Говорить о политзаключенных – наша общая обязанность.

Что именно произошло с Виктором Бабарико, мы не знаем до сих пор. Нам не потрудились сообщить. И теперь все, кто переживает за него, вынуждены искать хоть какие-то сообщения в телеграм-каналах, у авторов которых точно так же нет полной информации, и гадать: избиение? пытки? истязания? болезнь? Демонстративное молчание колхозных инстанций усиливает ненависть к ним и страх за Бабарико. Что же там, черт возьми, с ним происходит?

Мы не знаем. И видим, как постепенно общество отодвигали от любой информации о политзаключенных.
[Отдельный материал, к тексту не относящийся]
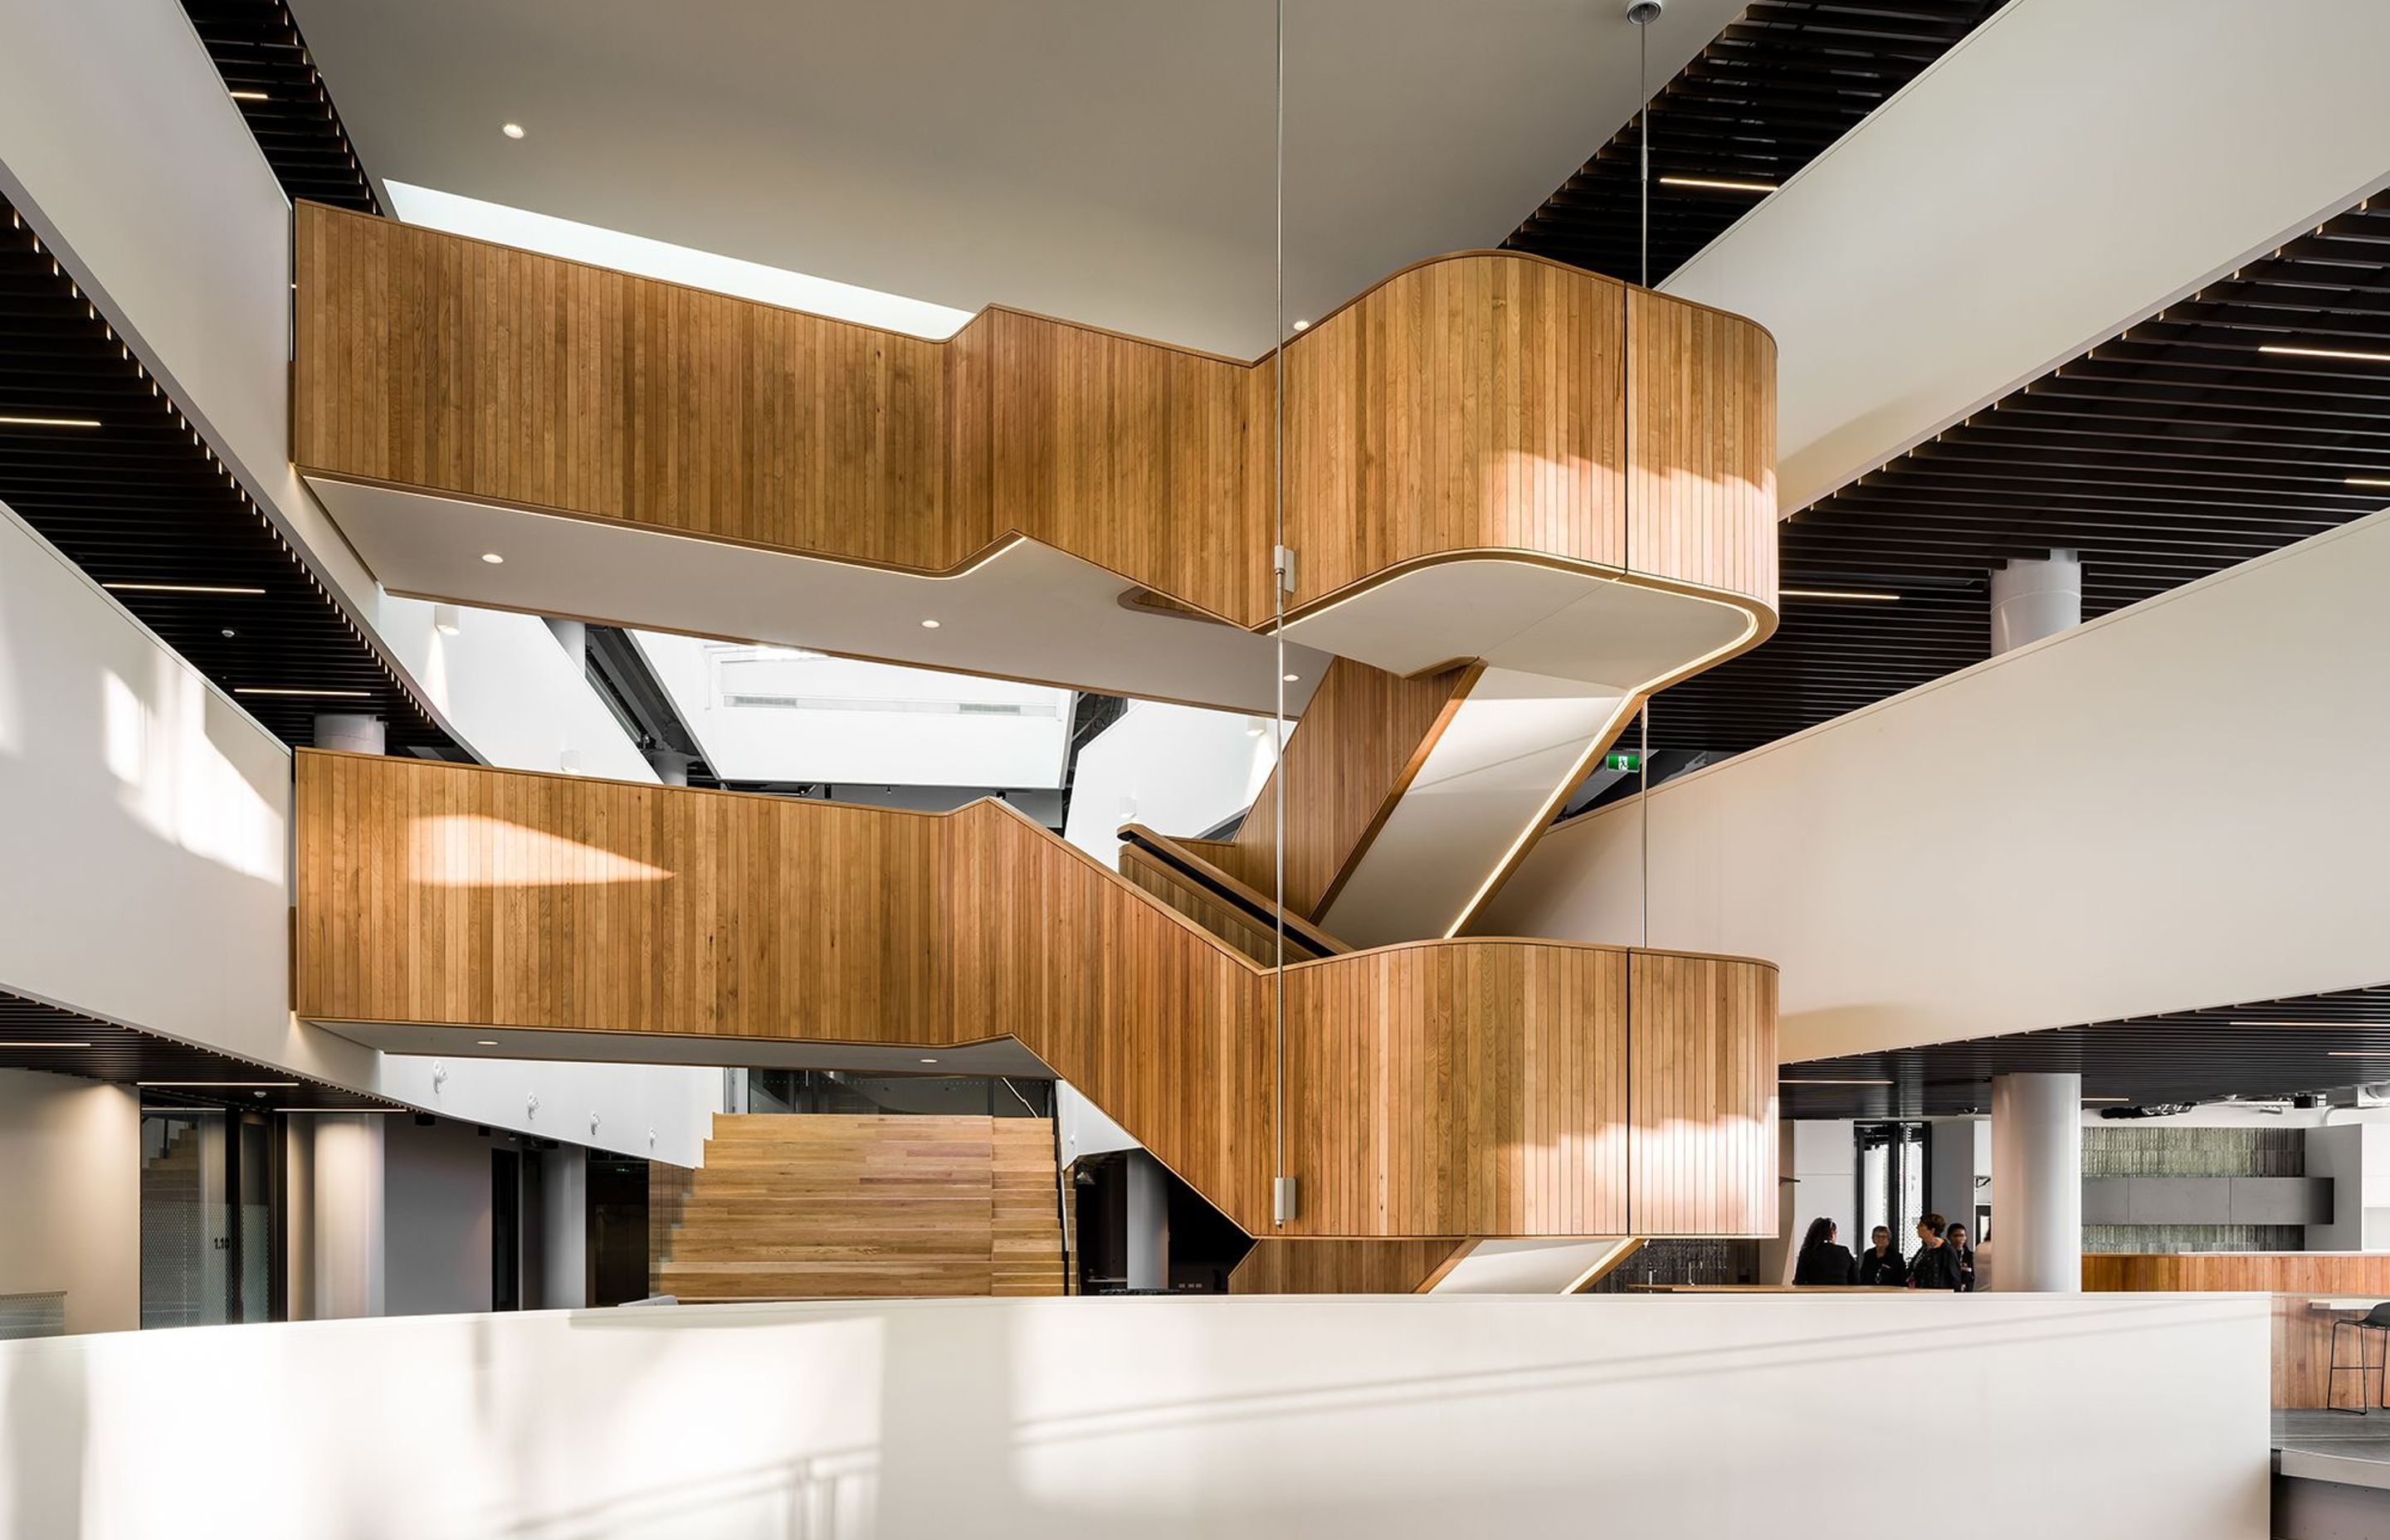 Timber panelling in the interior adds warmth and texture, including a hanging timber staircase inserted into the central void.

Уже два месяца от Виктора Бабарико не приходят письма. Еще раньше к нему перестали пускать адвокатов – впрочем, и адвокатов-то у него теперь нет: лишили лицензии Лаевского и обоих Пыльченко – отца и сына, – а затем и Чижика. Свиданий и звонков тоже не было давно. То есть Бабарико остался без адвокатов, писем, связи с родными, и что с ним происходило в новополоцкой колонии до попадания в районную больницу, неизвестно. Один бывший политзаключенный, выйдя на свободу, говорит, что Бабарико в ШИЗО. Другой – что он в ПКТ. И то, и другое – правда на момент освобождения каждого из бывших политзеков. Но в колонии все может измениться очень быстро, и отсутствие регулярно поступающей на волю информации – из писем, из разговоров с адвокатом – развязывает руки не только вертухаям, но и сотрудничающим с администрацией заключенным.
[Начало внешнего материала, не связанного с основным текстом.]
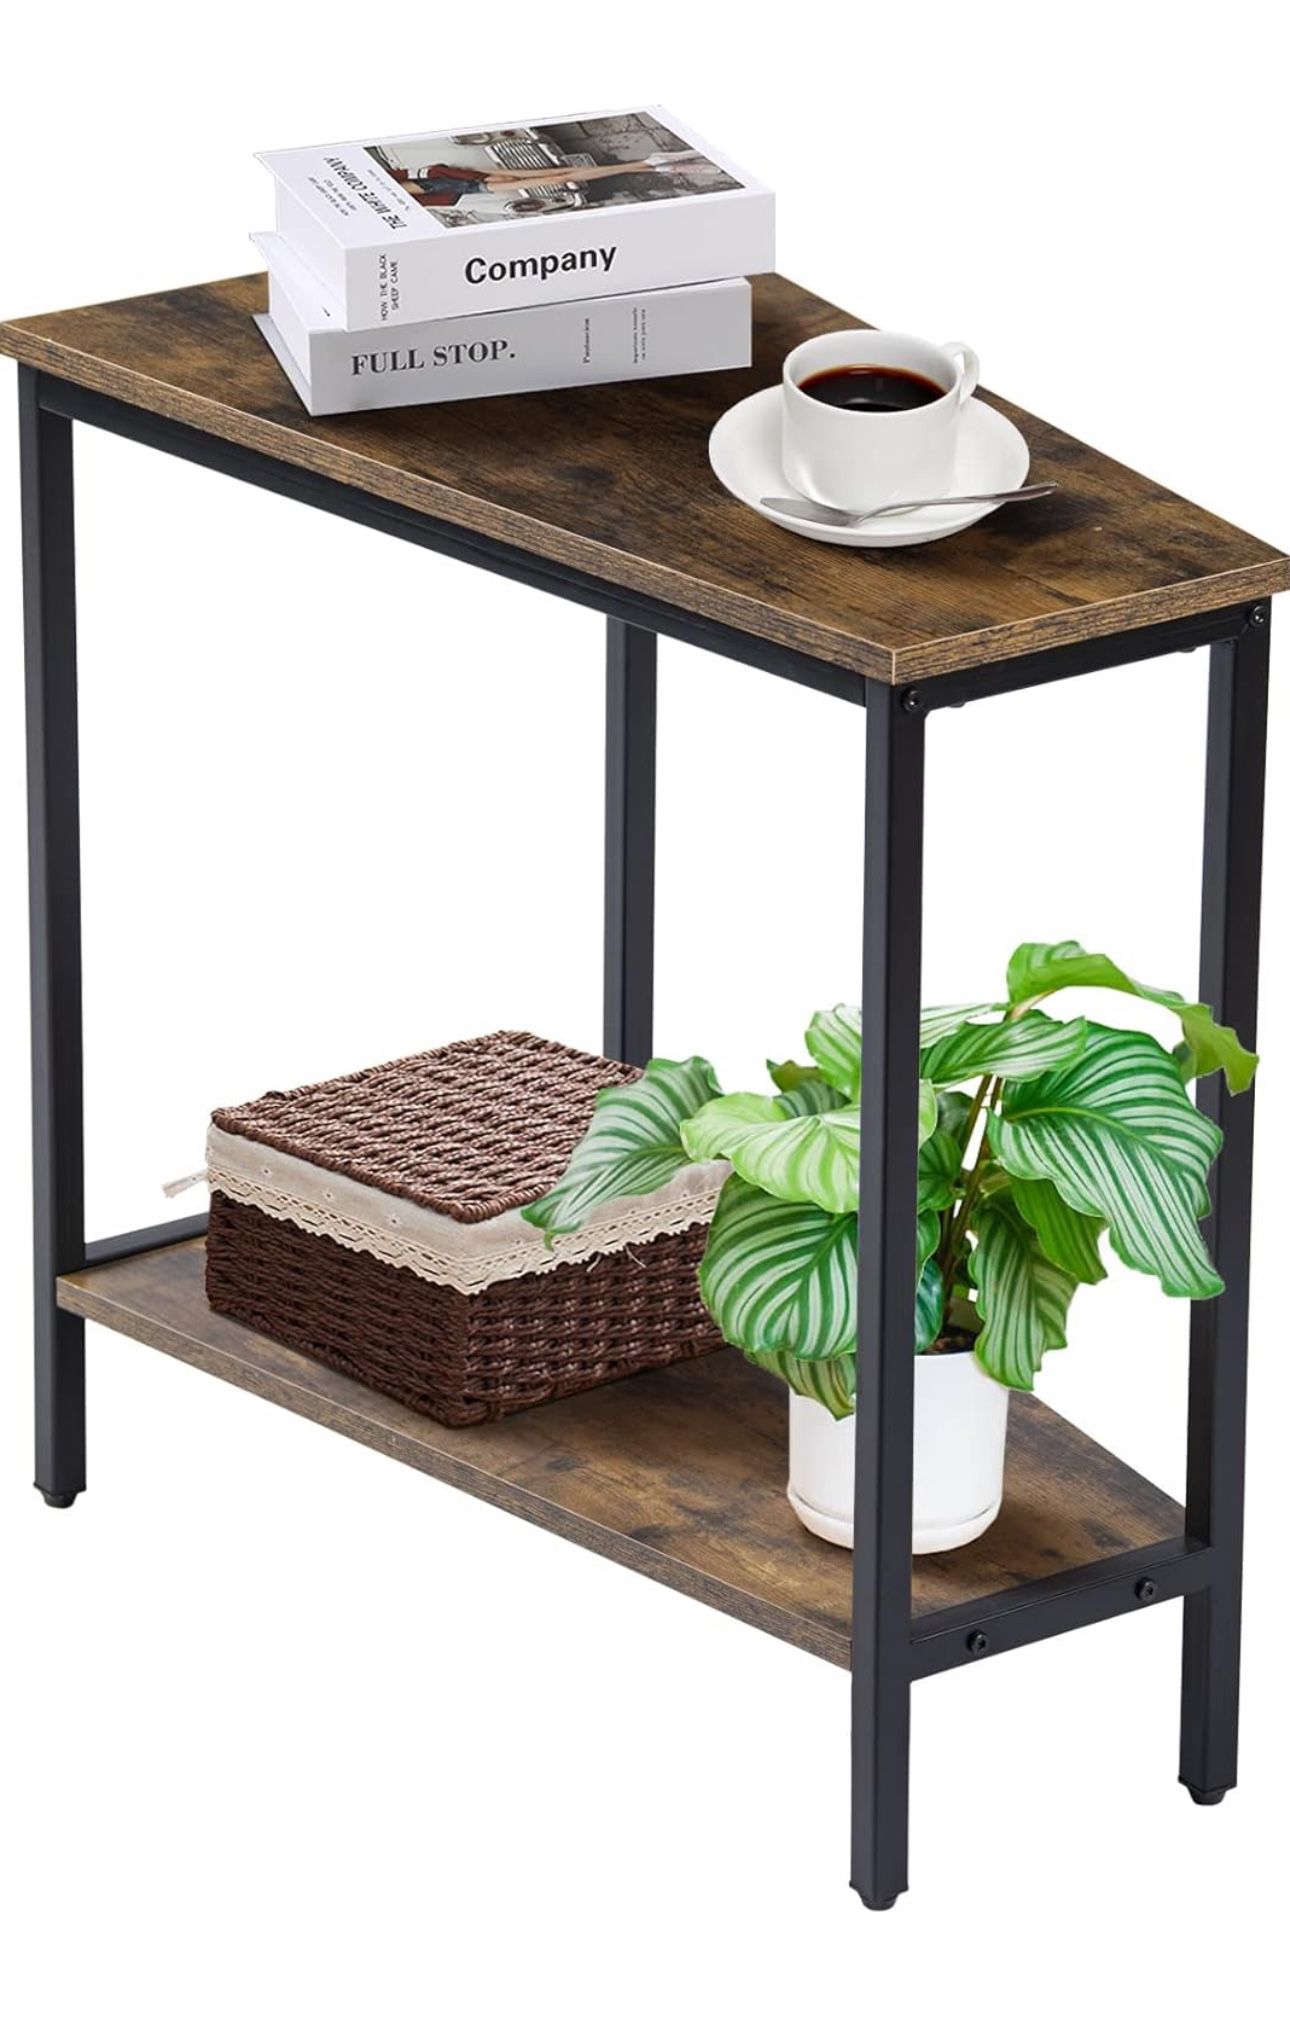 Wedge End Table - Narrow Triangle End Table - Recliner Table with Storage - Corner Tables for Living Room - Chair Side Tables for Small Spaces - Recta

Это старая тактика полной изоляции, которую режим начал внедрять еще лет десять назад, а теперь, за последние годы, довел до совершенства. Потому и нет известий от Николая Статкевича уже почти три месяца, потому и не пустили адвоката к Елене Лазарчик ни разу с конца января – с момента ее прибытия в гомельскую колонию. Человека лишают звонков, писем, свиданий, встреч с адвокатом, а внутри зоны другим заключенным под страхом ШИЗО запрещается даже здороваться с политическим. Политзек должен почувствовать острое, невыносимое, тотальное одиночество, лишиться любой опоры, любого костыля, на который можно опереться, пусть это даже будет сказанное шепотом «доброе утро». И пусть он сходит с ума вместе со своими близкими, которые пока остаются по эту сторону решетки.
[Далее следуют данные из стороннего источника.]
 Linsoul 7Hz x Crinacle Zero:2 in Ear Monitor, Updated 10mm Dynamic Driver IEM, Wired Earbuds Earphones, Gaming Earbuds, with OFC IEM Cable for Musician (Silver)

А главное – в этом информационном вакууме можно творить все, что угодно. Повезло, что у Бабарико известная фамилия: кто-то из врачей новополоцкой больницы увидел, рассказал знакомым – и скудная информация без подробностей случившегося просочилась сквозь решетки и «запретки». А сколько политзаключенных сейчас где-то в медсанчасти или в районной больнице после таких же избиений, пыток и издевательств? Мы не знаем. По данным «Вясны», в новополоцкой колонии отбывают срок 87 политзаключенных. А теперь давайте проведем маленький эксперимент: сколько фамилий политзеков из ИК-1 вы можете сходу назвать? Уверена, что вы назовете две: Бабарико и Лосик. Журналисты могут назвать четыре – добавить медиаменеджера Андрея Александрова и фрилансера «Свабоды» Андрея Кузнечика. И все.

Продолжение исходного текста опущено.